Ieder mens kent het ontzagwekkende wonder van een scheutje sterren tegen een donkere achtergrond. Je buik wordt strakker als je je realiseert dat de kleine pluizige klodder duizenden lichtjaren verwijderd is.
Die golf van verbazing wordt aangemoedigd door begrip en kennis.
Verbluffende foto's van de kosmos brengen de schoonheid voort die voortkomt uit het eenvoudige samenspel van stof, licht en gas op absoluut massieve en verre schalen. Het opvallende beeld hierboven van ESO's La Silla-observatorium in Chili is slechts één voorbeeld.
Sterren worden geboren in enorme wolken van gas en stof.
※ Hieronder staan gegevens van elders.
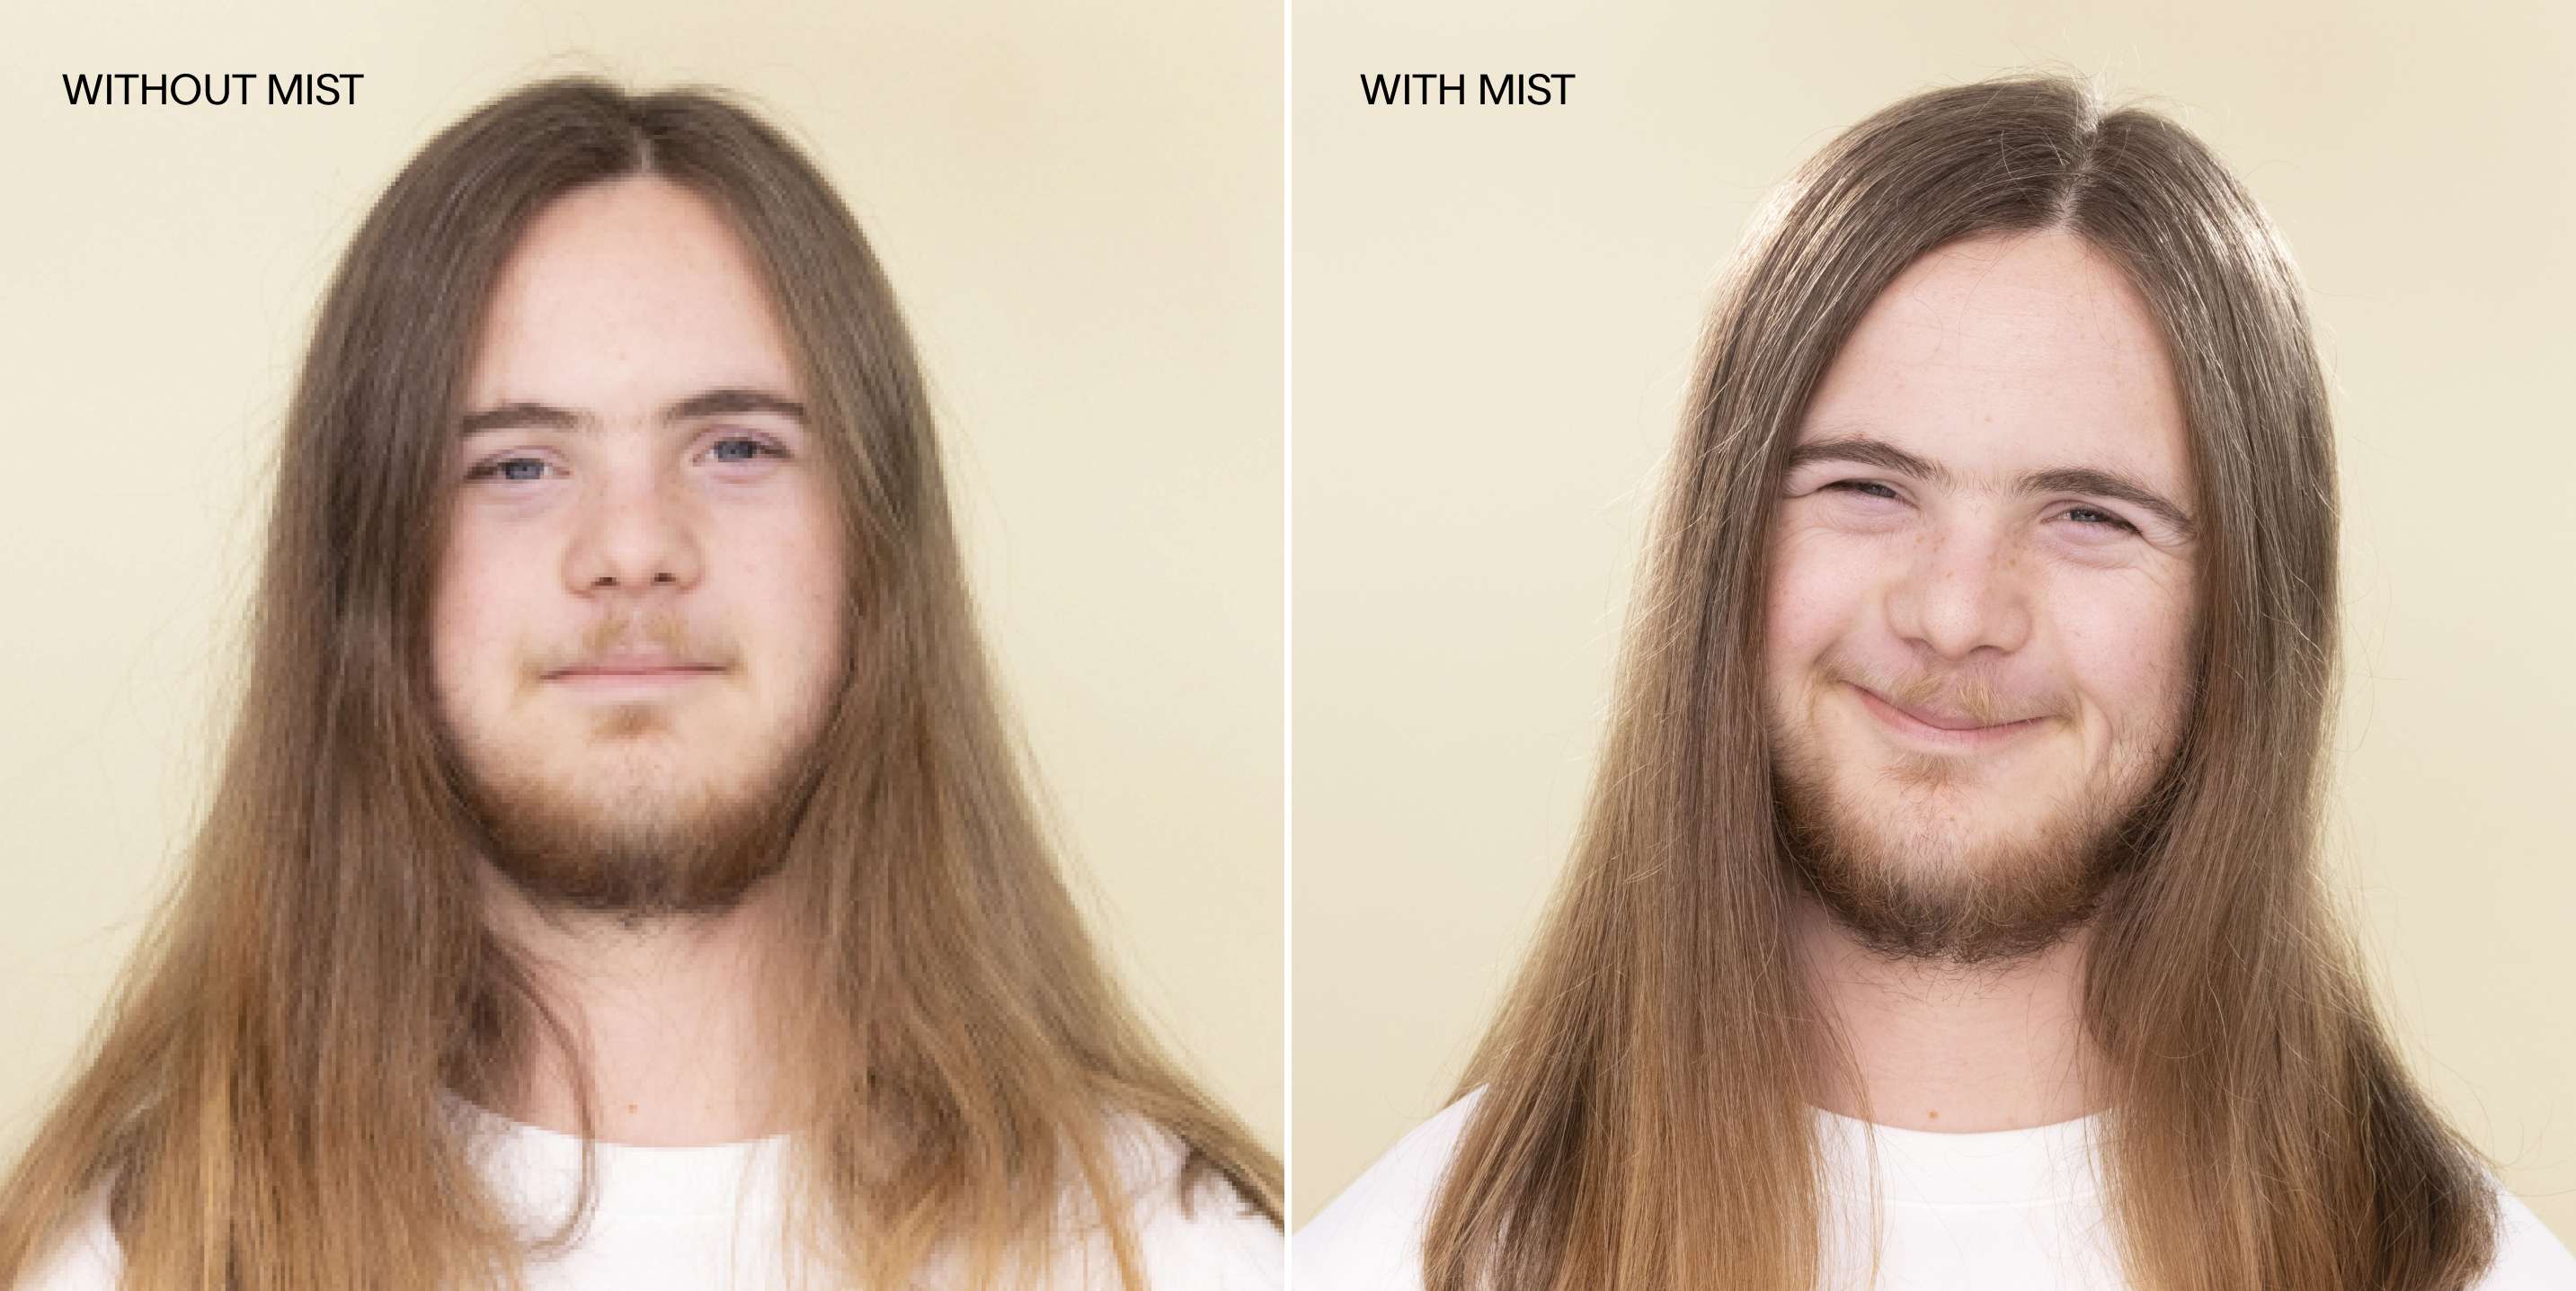 Model with long dirty-blonde hair on a cream background. Left image shows image of model without Complete Conditioning Mist in hair, right image shows model with Complete Conditioning Mist in hair.

Kleine zakjes in deze wolken storten in onder de zwaartekracht en worden uiteindelijk zo heet dat ze kernfusie doen ontbranden. Het resultaat is een cluster van tientallen tot honderdduizenden sterren die met elkaar zijn verbonden door hun onderlinge aantrekkingskracht.
Elke ster in een cluster is ongeveer even oud en heeft dezelfde chemische samenstelling. Ze komen het dichtst in de buurt van astronomen in een gecontroleerde laboratoriumomgeving.
De sterrenhoop NGC 3293 bevindt zich op 8000 lichtjaar van de aarde in het sterrenbeeld Carina. Het werd voor het eerst opgemerkt door de Franse astronoom Nicolas-Louis de Lacaille tijdens zijn verblijf in Zuid-Afrika in 1751. Omdat het een van de helderste sterrenhopen aan de zuidelijke hemel is, kon de Lacaille het plaatsen in een kleine telescoop met een opening van slechts 12 millimeter.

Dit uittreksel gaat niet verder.